Obviously quality materials ..I.e. Thick knee sleeves, elbow sleeves check out SBD products I like their things. For wrist wraps I love the thick TUFF wraps 32"..quality gear. I like my leather Rouge lifting belt, no velcro bs. Depends on what gear you're talking about but this ones obvious. Aesthetics comes 2nd.


----------



## Milo (Jun 15, 2017)

Shit that doesnt break. I also like bedazzled options.


----------



## NbleSavage (Jun 15, 2017)

On this board, I suspect ye'll hear the same response echoed - make a quality product & people will buy it even if it commands a bit pf a premium price. These arent the blokes who shop at Wal-Mart for a lifting belt.


----------



## Solomc (Jun 15, 2017)

Well made plus shit that looks cool.  Blacked out with brass hand knurling and brass weight mounts, Seat that don't rip. Again quality material. Nice padding but not solid. Something that makes me feel secure when I add the weight. Ease of movement. I want to feel the weight.  No wobbly shit. Hope that helps. If you need quality control and/or someone to test it out. Send that shit this way. Solo


----------



## PFM (Jun 15, 2017)

From a marketing standpoint I'd create two lines, one for the poser and one for the serious. Personally I care nothing about looks, females got that. One line only go 'built to last' and that quality won't make it pretty enough for the gender confused millennial, hence no 
accessory pose downs in chat (I wish).


----------



## gymrat827 (Jun 16, 2017)

PFM said:


> From a marketing standpoint I'd create two lines, one for the poser and one for the serious.

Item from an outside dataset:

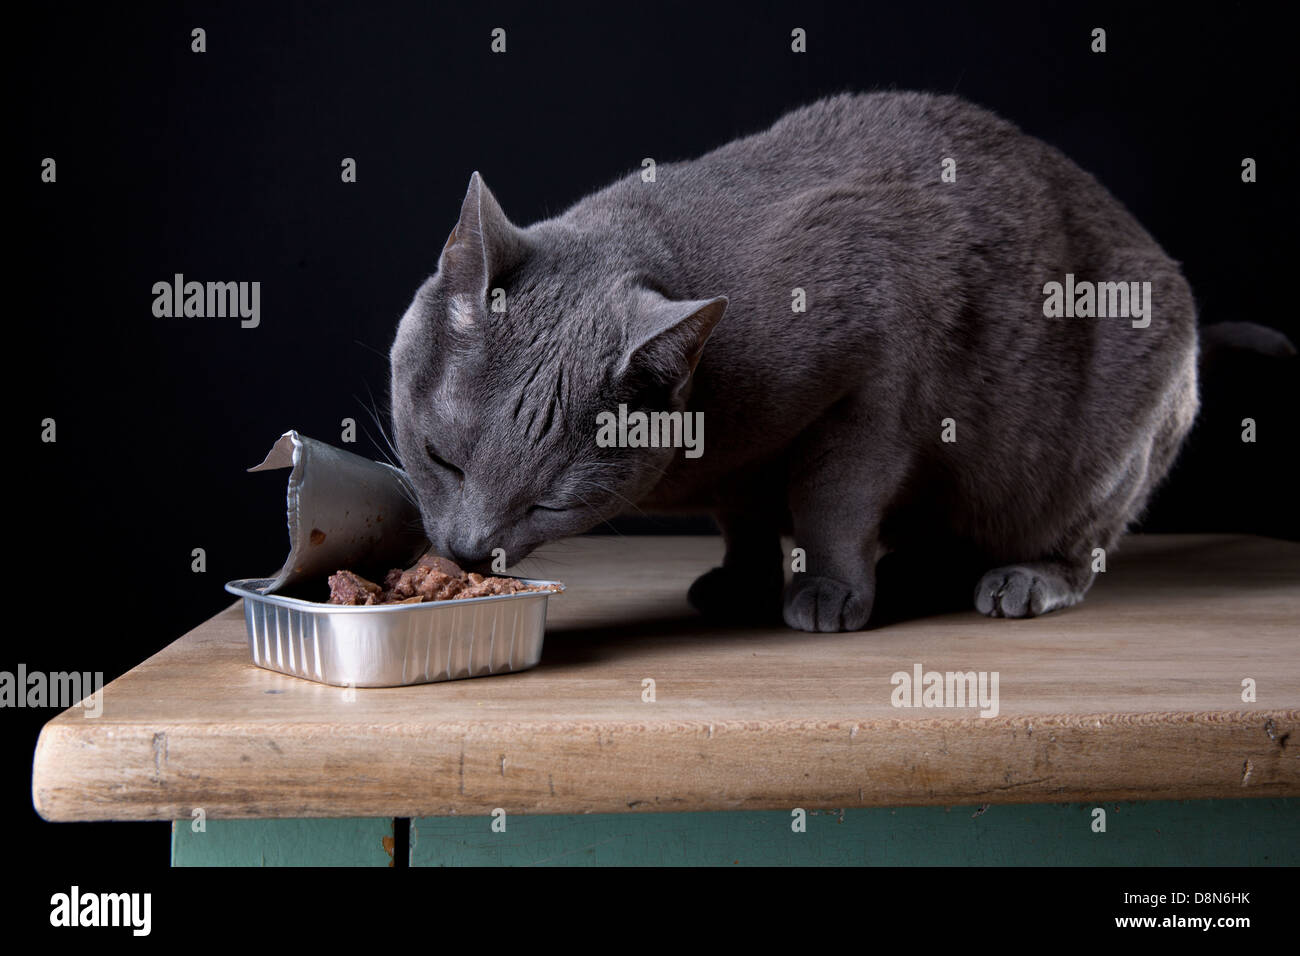 Feeding the Cat Stock Photo

This is actually a pretty good idea.  You can have BS made in China, Vietnam, etc and sell it, newbies and others like that just want to use straps to look cool.......They dont reap the benefits they actually provide.

Than you other line be of all hi-quality, solid stuff.  The real guys know whats shit n what isnt.  You poser's will have their price point stuff and the hardcore guys will have theirs.  On paper, it could/should work out well.


----------



## Zombialja Bones (Jul 9, 2017)

How is this posted in the member's journals?


----------